A.時間を巻き戻す力については、マックス自身のストーリーにつながっていました。彼女は成長したくなかったのです。そうした物語から能力を検討したのですが、そのアプローチは今回も同じです。本作ではまず、この兄弟でどんなストーリーを語りたいか、どんなテーマに取り組みたいかを検討しました。そして、ストーリーを作るに当たって、どの超自然要素を採用するかという順番で考えていきました。本作でのパワーはゲームのメインテーマである教育と直接つながっています。もちろん、前作とは違うものをやりたかったというのも理由のひとつです。

Q.兄弟は『CAPTAIN SPIRIT』にもチラッと出てきましたが、逆に、本作に『CAPTAIN SPIRIT』の主人公であるクリスは登場しますか?

A.はい、クリスは登場しますし、『CAPTAIN SPIRIT』のときより、クリスのことをより理解できると思います。

Q.本作の時系列は?

A.ゲームの中でわかりますが、シアトルの事件は2016年の10月に起こります。本作は、それからの数ヵ月間を描いています。

Q.選択肢に関する新しい要素は?

A.ショーンは何かを決断し、それがショーンのストーリーに影響するというのは同じですが、今回は弟ダニエルにも影響します。ここがマックスのストーリーとは異なるところです。プレイヤーの選択は兄だけでなく、兄を見ている弟にも影響するのです。兄が何かを盗んだり、悪い言葉を使ったりするのを見れば弟は同じことをやってもいいと思うでしょう。何でもないように思える選択が、後々、大きなインパクトをもたらすのです。
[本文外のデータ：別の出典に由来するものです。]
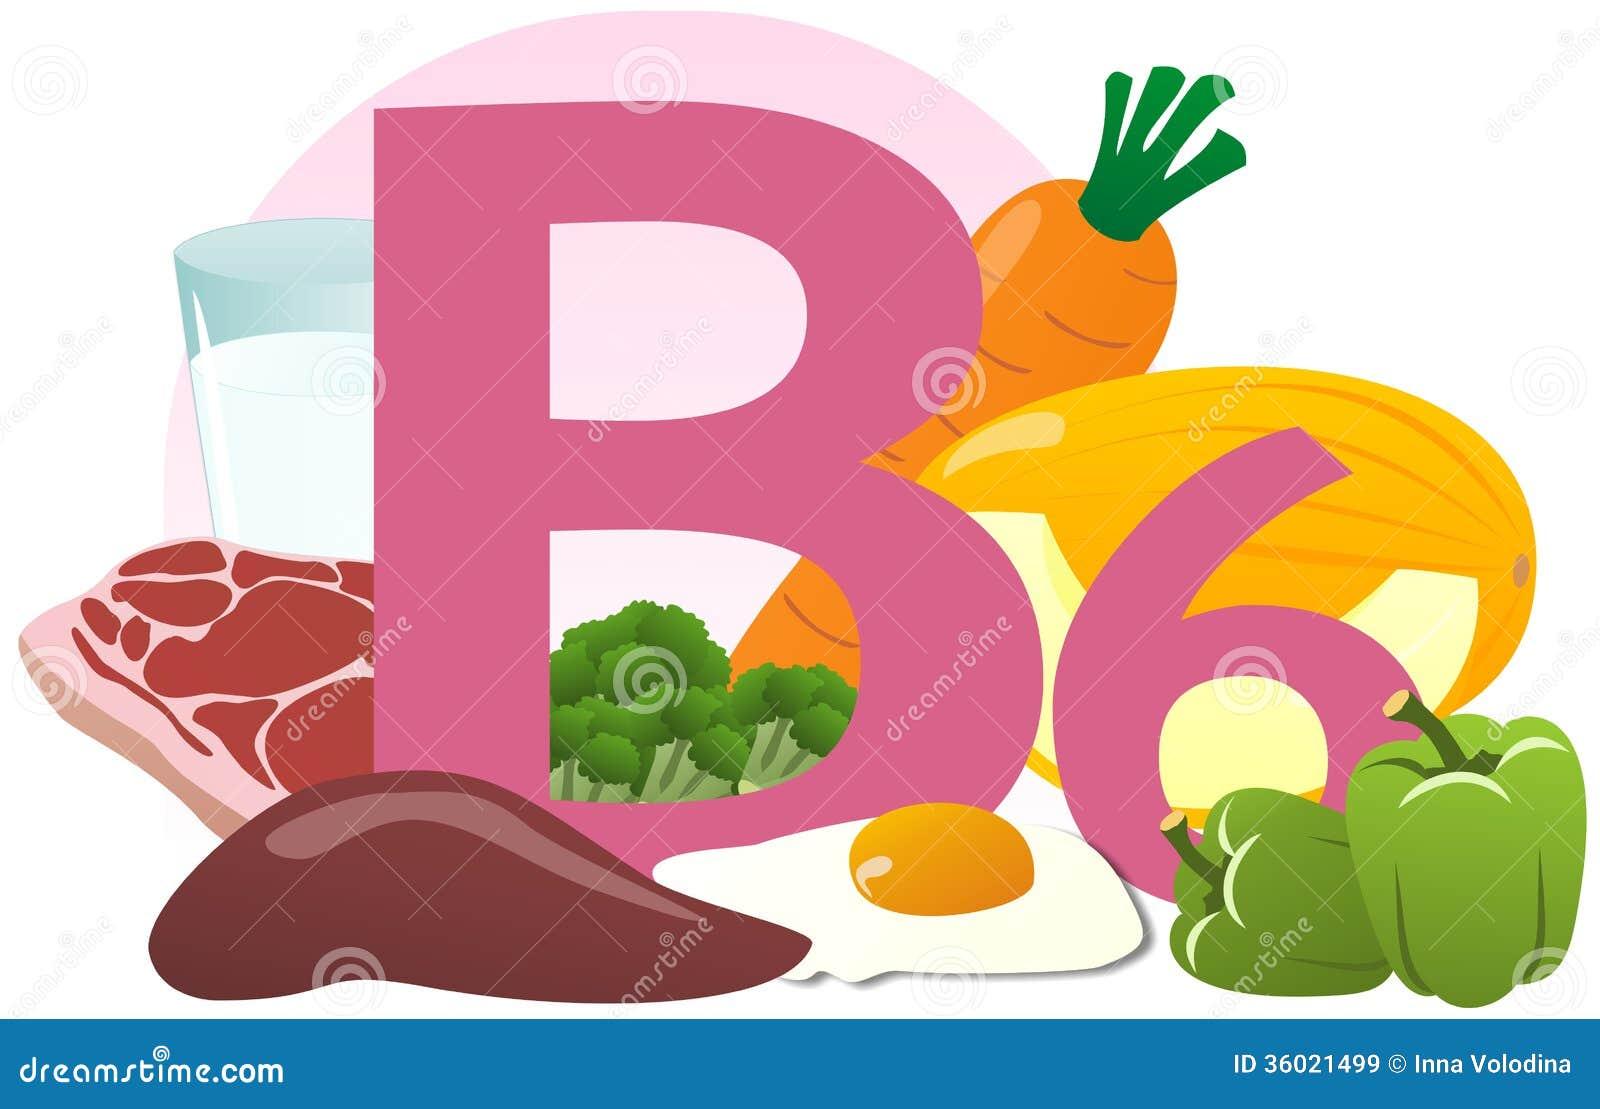 Productos Que Contienen La Vitamina B6 Stock de

Q.ここで教育といっているのは生きていくための知恵?

A.その通りです。両親は子どもに盗みはいけない、嘘をついてはいけないと教えます。しかし、弟とふたりきりで寒くてお腹が空いていたらルールに反したこともやらなくてはいけなくなります。物事には白か黒ではなく、グレーの部分もあります。

Q.弟に教育すれば彼のパワーにも変化が?

A.そうかもしれません。想像に任せます。

Q.そもそも兄弟の話にした理由は?

A.描きたかった物語のためですが、父と娘、父と息子というケースも考えました。ショーンは16歳ですが、ふつうなら友だちと楽しく過ごしたり、パーティーに行って酒を飲んだり、ガールフレンドがいたりするでしょう。弟の面倒など見たくないでしょうし、大人になりたいとも思わないでしょう。ただ楽しくやりたいだけです。でも、状況がそれを許してくれなくなってしまい、ティーンエージャーの苦悩や成長も『Life is Strange』らしい要素のひとつだと思いました。

Q.マックスとクロエの人気が高いだけに、(主人公を変えることは)商業的には英断だったのでは?

A.スクウェア・エニックスは我々にマックスとクロエの物語をファンに提供するように言うのではなく、自由を与えてくれました。ストーリーも気に入ってもらい、合意していただきました。

Q.マックスとクロエは『Life is Strange 2』に登場するのですか?

A.本作は新しいストーリーです。それ以上はご想像にお任せします。

Q.マックスの日記のような要素は本作でもありますか?

A.はい、あります。ショーンは絵を描くのが好きな青年です。

Q.最後にメッセージを。

A.前作ではファンやプレイヤーからたくさんの手紙やフィードバックをもらい、感激しました。私たちはストーリーに共感してもらい、何か大事なことについて考えてもらえればとてもうれしいです。ストーリーとキャラクターを楽しんでもらい、大事なことについて考えてもらう、これは私たちにとってとても大事なことです。